CCR1 overexpression affected the intracellular RSV load.

CCL5 exerts its biological effect through its receptors, which include CCR1, CCR3, and CCR5. Therefore, we measured the expression levels of these three receptors in cells infected with RSV. We found that the expression level of CCR1 was decreased, that of CCR5 was increased, and that of CCR3 expression did not significantly change (Fig. 2A).

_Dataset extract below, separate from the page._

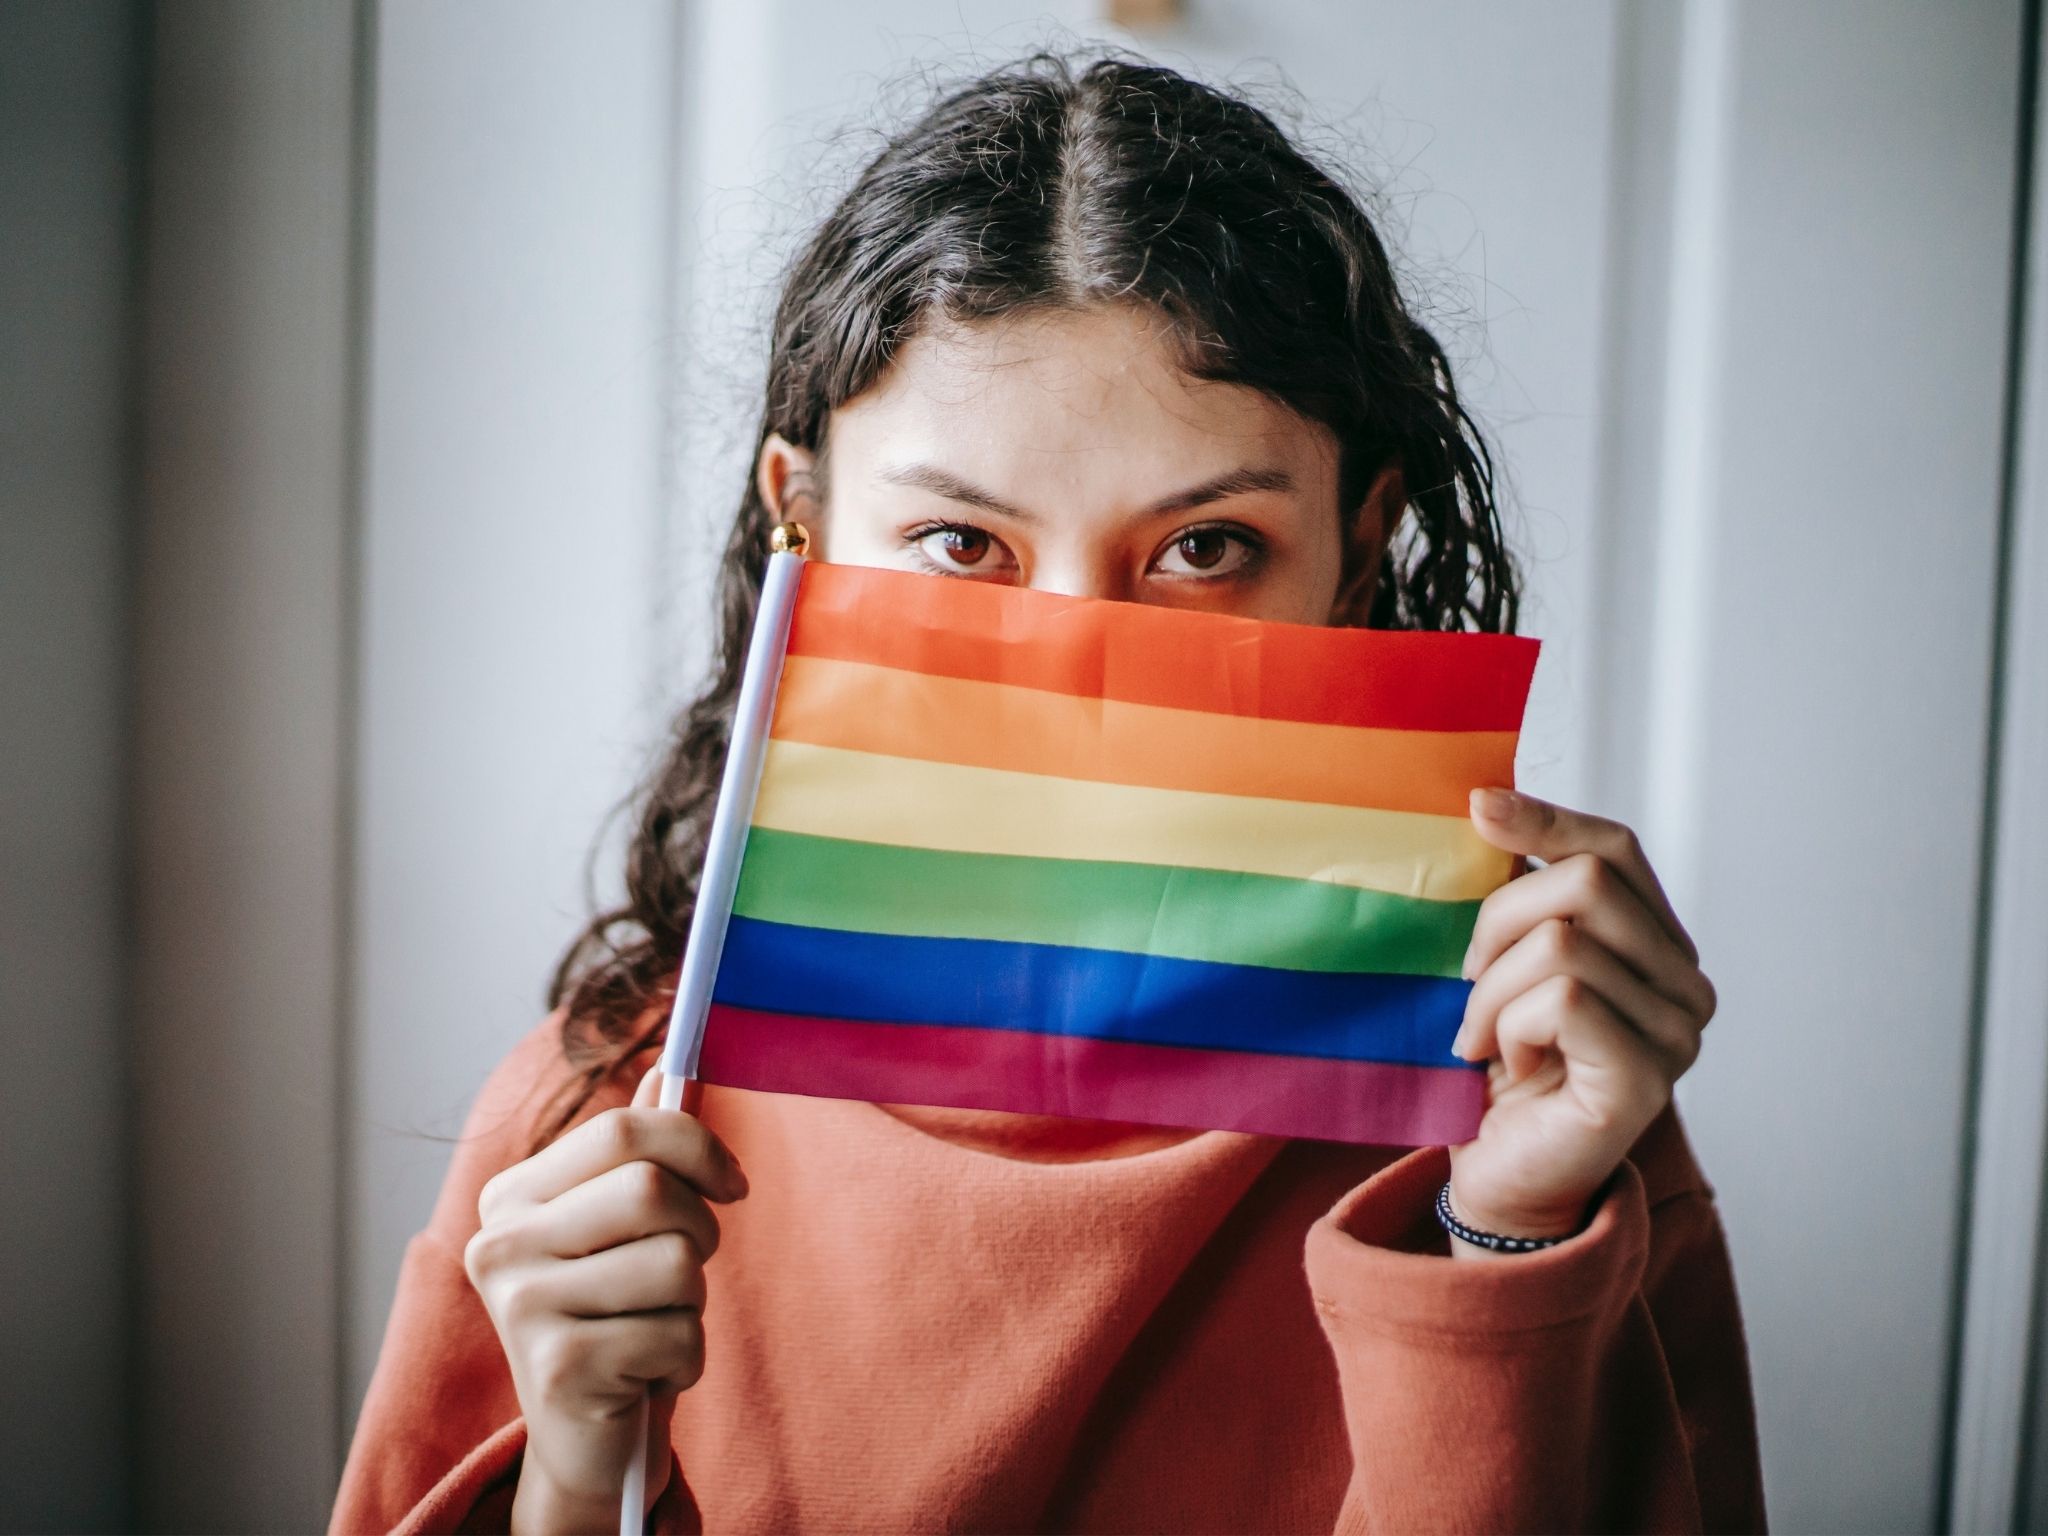 Young woman looking at the camera, holding a pride flag which obscures the rest of her face.

Then, A549 cells were first transfected with CCR1, CCR3, or CCR5 recombinant expression plasmids (Fig. 2B) and then were infected with RSV and incubated for 24 h. Interestingly, the viral load (indicated by GFP [green] fluorescence) decreased significantly only after CCR1 was overexpressed (Fig. 2C and D). To determine whether CCR5 affects RSV load, CCR5 expression was knocked down by CCR5-specific short interfering RNA (siRNA), the effectiveness of which was verified by Western blotting (Fig. 2E). Subsequently, CCR5 knockdown cells were infected with RSV (MOI, 0.5). The GFP viral tag was detected in cells by fluorescence microscopy and Western blot analysis (Fig. 2F and G), and the results showed no significant difference in RSV proliferation in the CCR5 knockdown cells and the normal controls. These data suggest that RSV proliferation in host cells was not affected by a change in the expression levels of CCR3 or CCR5 but was affected by a change in CCR1 expression.

FIG 2.

CCR1 expression decreased in A549 cells infected with RSV, and the CCR1 expression level was affected by the level of intracellular viral protein. (A) The expression of CCL5 receptors in A549 cells infected with RSV was analyzed by Western blotting. (B) A549 cells were transfected with 500 ng of CCR1, CCR3, CCR5, or an empty plasmid. Whole protein was extracted, and the transfection efficiency was verified by Western blotting. (C and D) The viral load of A549 cells overexpressing CCR1, CCR3, or CCR5 was analyzed by fluorescence microscopy (C) and Western blotting (D). (E) Western blot showing the effect of CCR5 gene knockout in A549 cells that had been infected with RSV and incubated for 24 h. (F and G) The number of intracellular viruses was determined by fluorescence microscopy, and the level of intracellular viral proteins was detected by Western blotting (G). Cells were transfected for 30 h and then infected with RSV for 24 h. (Unpaired t test: *, P < 0.05; ***, P < 0.005; ****, P < 0.001).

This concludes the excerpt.